Delon : "C'est bien joli mais il faut expliquer pourquoi." Et de finir en disant qu'il reste attaché à la constitution du Général. Soit.
Naouri : "Je ne vois pas ce qu'elle contient, il faudrait apporter les preuves qu'une 6ième serait meilleure."
Van Cauwelaert : "Faisons une constitution à partir d'une page blanche, ce serait une vraie révolution."
Eliette Abecassis : "Pourquoi pas la 7ième ? Non, soyons sérieux, un peu plus de fond. Cette campagne est trop centrée sur les personnalités."
Réponse à ces messieurs-dames : c'est bien le problème de la 5ième république que de faire de la campagne présidentielle une hypermédiatisation de personnalités. Le fameux rendez-vous d'un homme ou d'une femme avec le peuple français ne peut aboutir qu'à cette hystérie médiatique avec une telle constitution. Pour le fond, ces personnes devraient lire La Constitution de la 6ième République de Montebourg et François. Il faut se donner un peu de peine avant de choisir le ou la future présidente !

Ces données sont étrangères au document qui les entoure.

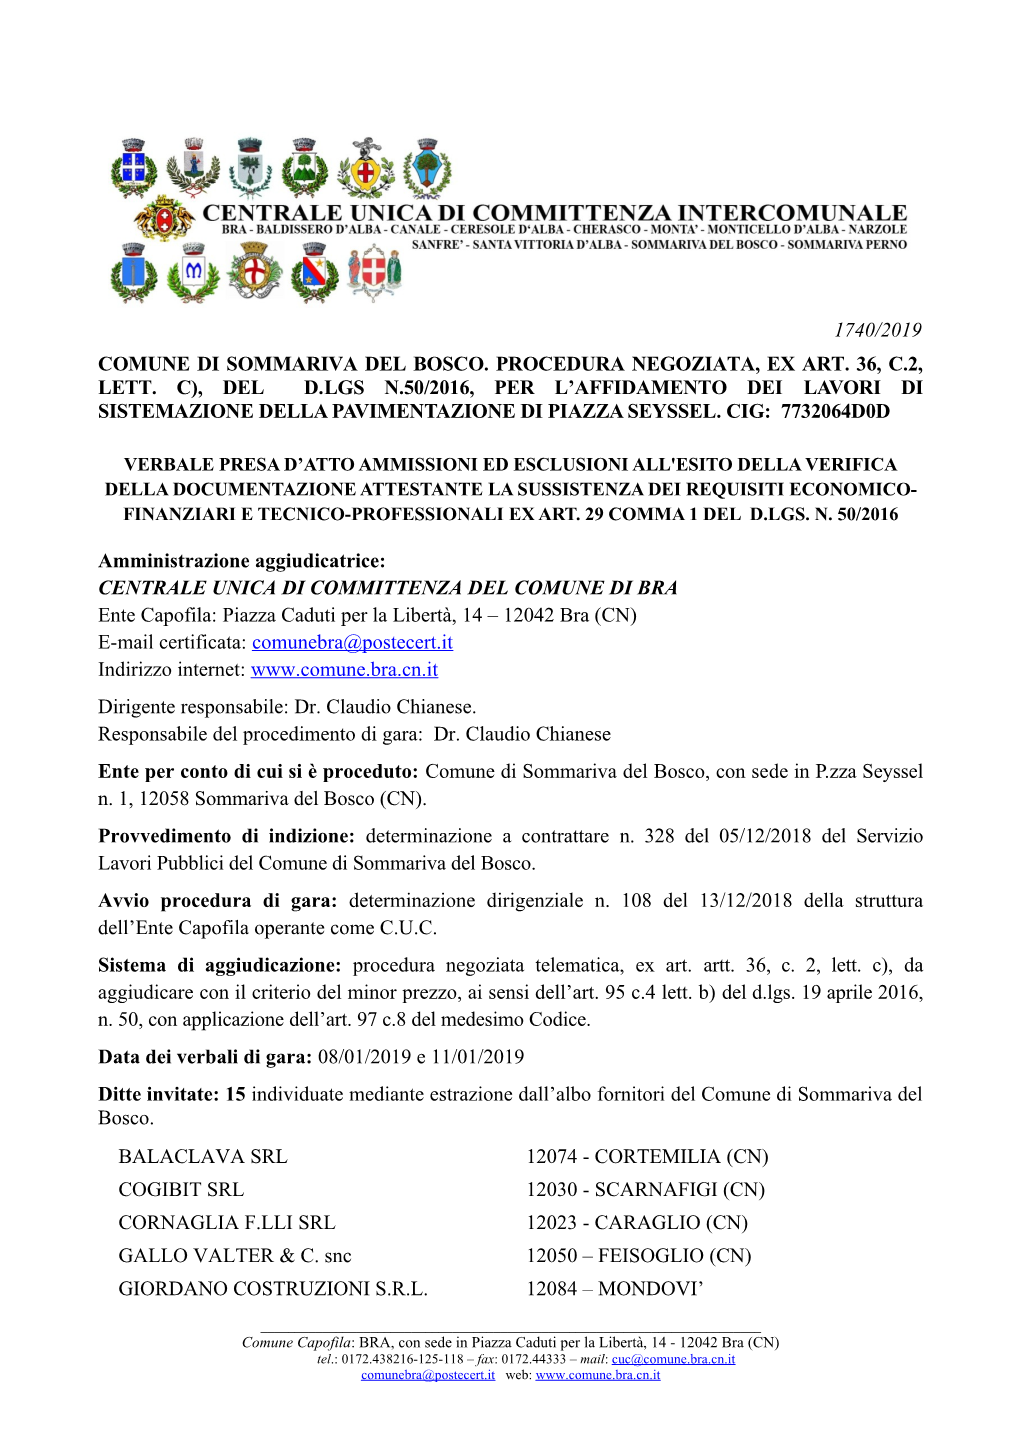 1740/2019 Comune Di Sommariva Del Bosco. Procedura Negoziata, Ex Art
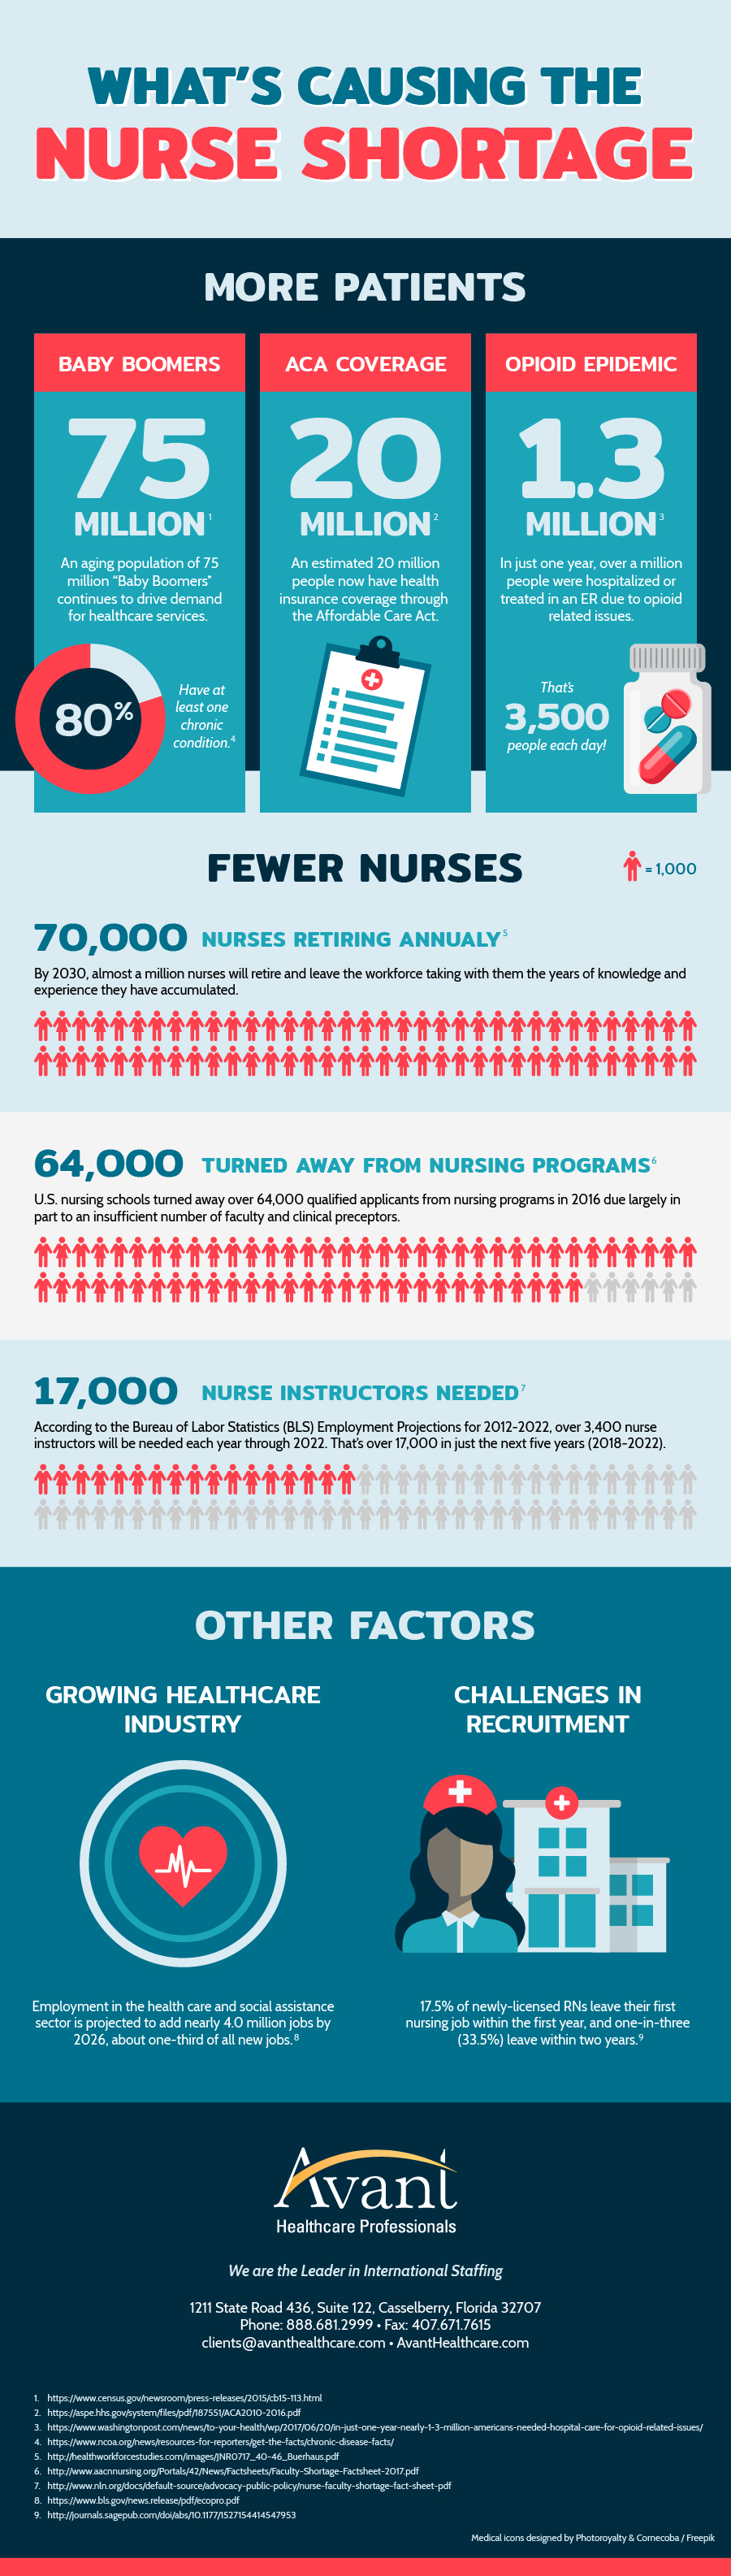 Nursing Shortage Infographic

Par ailleurs, comment apporter la preuve de l'efficacité de quelque chose qui n'existe pas encore ? Compte tenu des dérives de la 5ième, il n'est pas inutile de proposer du neuf. Reste à choisir entre celle de Montebourg/Roayal et celle de Bayrou. Ou bien l'on pense que que le problème vient des pratiques et non pas des institutions et qu'il faut simplement changer les hommes, point de vue un peu naïf à mon sens.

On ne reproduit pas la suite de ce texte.